Shouldn't it be a wake_up(&mem_wait) call here? It did not work in
qemu emulator without it.

> +}
> +
> +static int mem_notify_open(struct inode *inode, struct file *file)
> +{
> +       return 0;
> +}
> +
> +static int  (struct inode *inode, struct file *file)
> +{
> +       return 0;
> +}

I think we need to reset mem_notify_status in either mem_notify_open
and/or mem_notify_release. If a process is killed (e.g., by the oom
killer) we could be left with mem_notify_status = 1, causing a new
listening application to get the notification direct when started.

> +
> +static unsigned int mem_notify_poll(struct file *file, poll_table *wait)
> +{
> +       unsigned int val = 0;
> +       struct zone *zone;
> +       int tpages_low, tpages_free, tpages_reserve;
> +
> +       tpages_low = tpages_free = tpages_reserve = 0;
> +
> +       poll_wait(file, &mem_wait, wait);
> +
> +       for_each_zone(zone) {
> +               if (!populated_zone(zone))

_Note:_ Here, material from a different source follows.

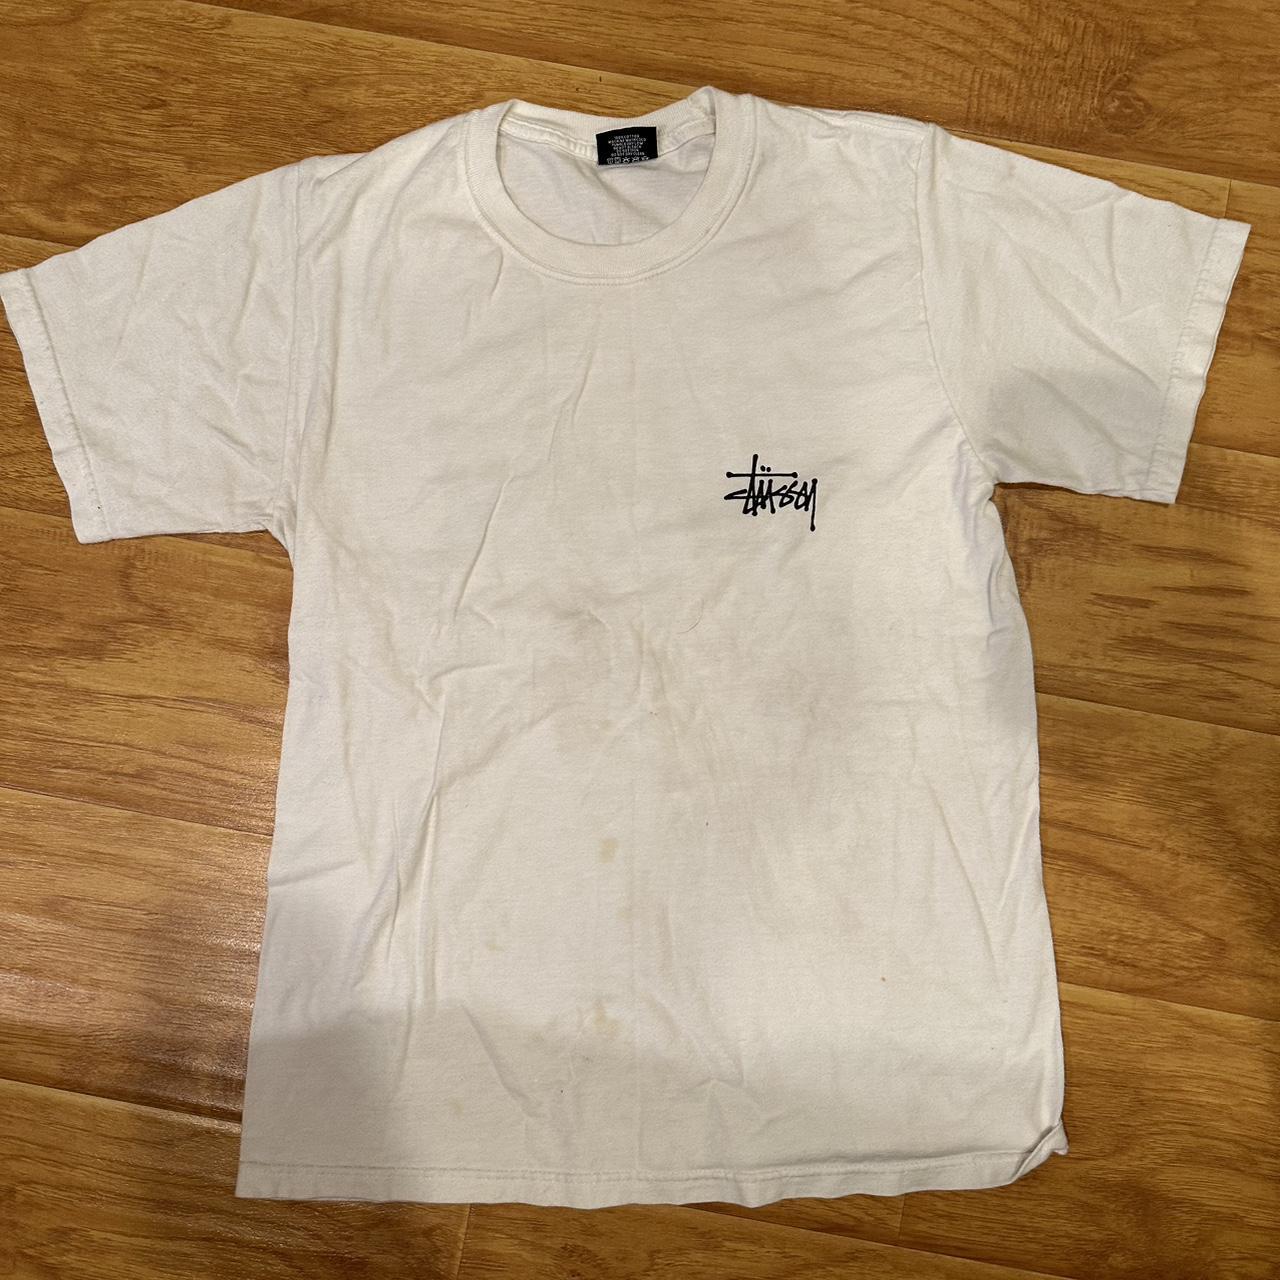 Basic white stussy logo t shirt Some stain in the... - Depop

> +                       continue;
> +               tpages_low += zone->pages_low;
> +               tpages_free += zone_page_state(zone, NR_FREE_PAGES);
> +               /* always use the reserve of the highest allocation type */
> +               tpages_reserve += zone->lowmem_reserve[MAX_NR_ZONES-1];
> +       }
> +
> +       if ((tpages_free <= tpages_low + tpages_reserve))

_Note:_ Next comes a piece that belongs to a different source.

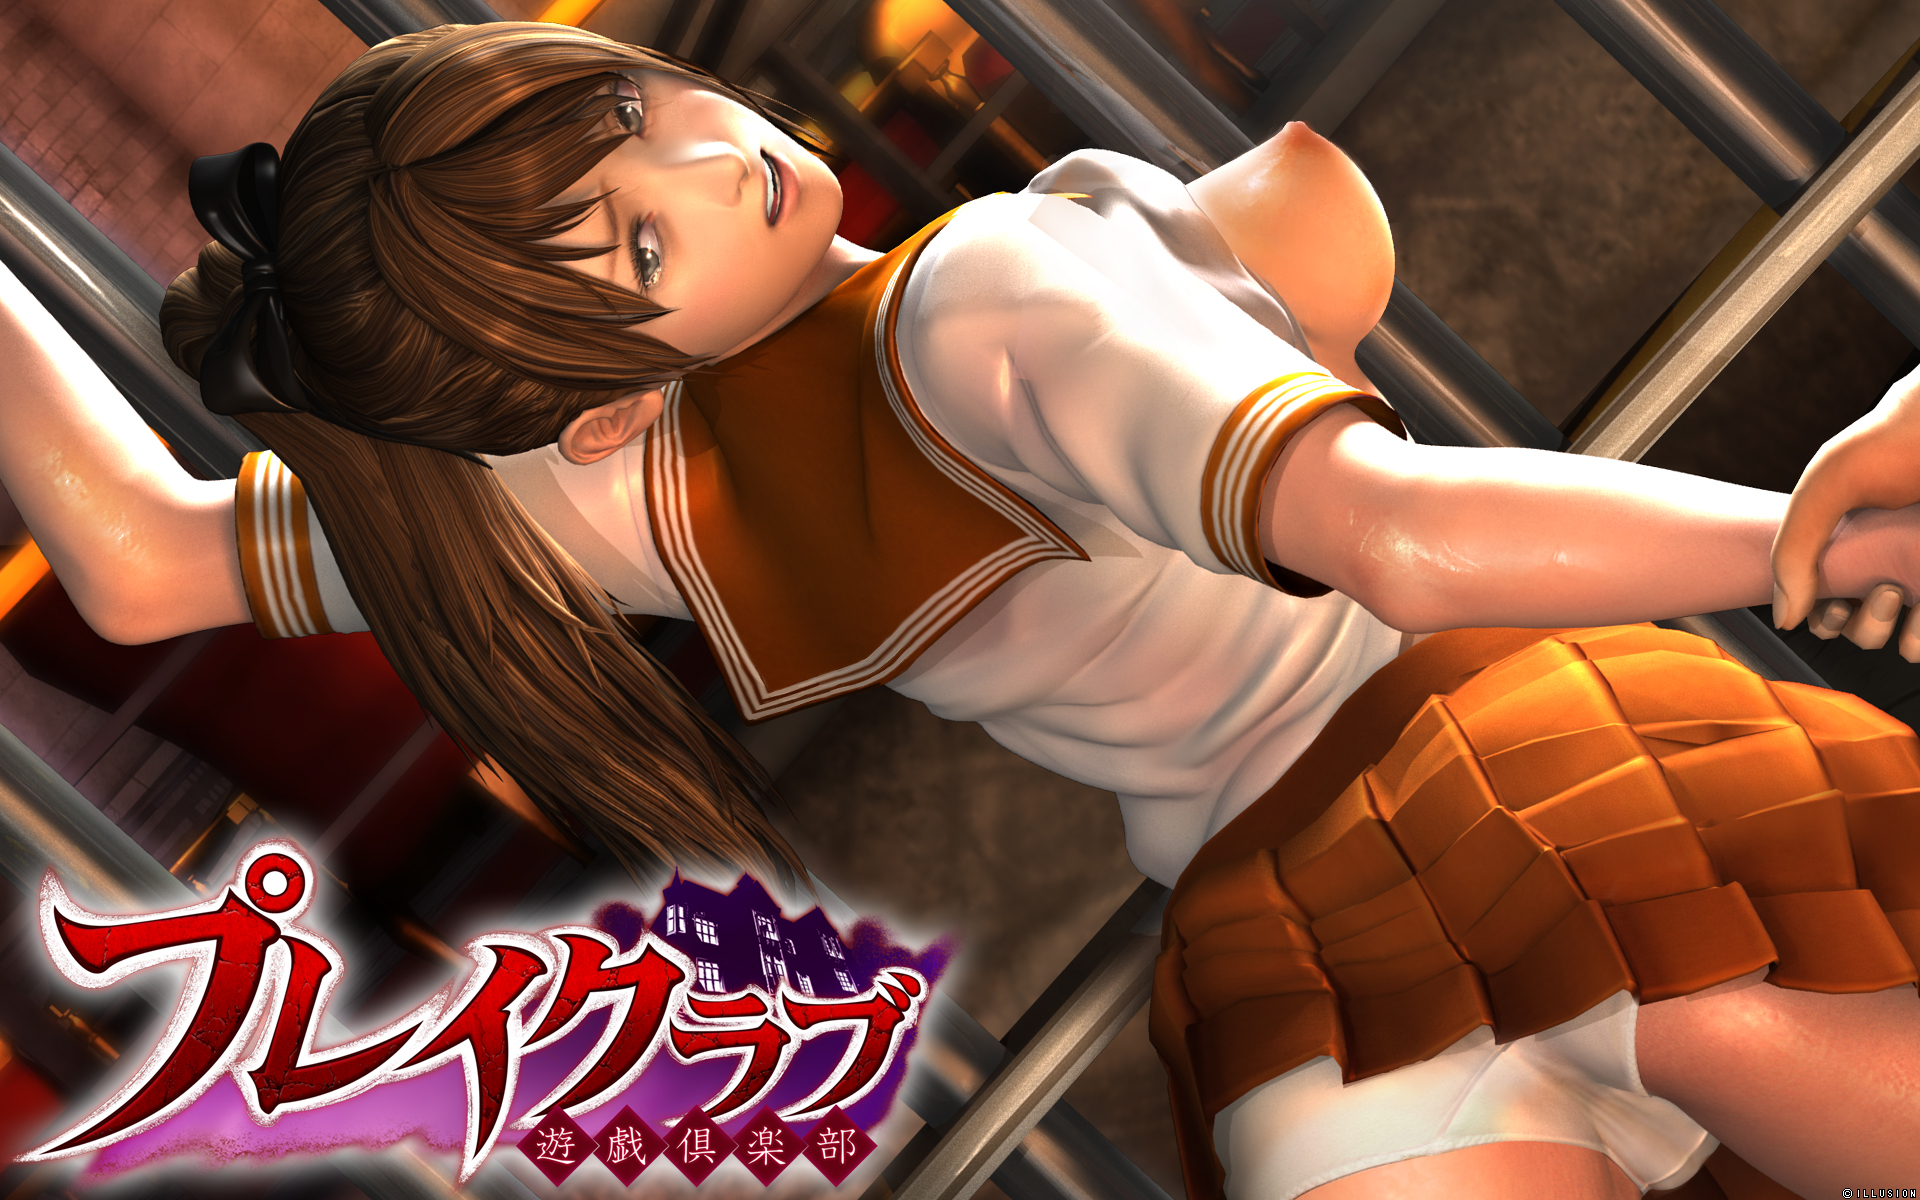 3d action rpg japanese hentai games

> +               val = POLLIN;
> +
> +       if (mem_notify_status) {
> +               mem_notify_status = 0;
> +               val = POLLIN;
> +       }
> +
> +       return val;
> +}
> +
> +struct file_operations mem_notify_fops = {
> +       .open = mem_notify_open,
> +       .release = mem_notify_release,
> +       .poll = mem_notify_poll,
> +};
> +EXPORT_SYMBOL(mem_notify_fops);
> --- linux-2.6.24-rc2-mm1.orig/mm/vmscan.c       2007-11-14 23:51:07.000000000 -0200
> +++ linux-2.6.24-rc2-mm1/mm/vmscan.c    2007-11-21 15:41:24.000000000 -0200
> @@ -943,34 +943,9 @@
>                                 + zone_page_state(zone, NR_INACTIVE))*3;
>  }
>
> -/*
> - * This moves pages from the active list to the inactive list.
> - *
> - * We move them the other way if the page is referenced by one or more
> - * processes, from rmap.
> - *
> - * If the pages are mostly unmapped, the processing is fast and it is
> - * appropriate to hold zone->lru_lock across the whole operation.  But if
> - * the pages are mapped, the processing is slow (page_referenced()) so we
> - * should drop zone->lru_lock around each page.  It's impossible to balance
> - * this, so instead we remove the pages from the LRU while processing them.
> - * It is safe to rely on PG_active against the non-LRU pages in here because
> - * nobody will play with that bit on a non-LRU page.
> - *
> - * The downside is that we have to touch page->_count against each page.
> - * But we had to alter page->flags anyway.
> - */
> -static void shrink_active_list(unsigned long nr_pages, struct zone *zone,
> -                               struct scan_control *sc, int priority)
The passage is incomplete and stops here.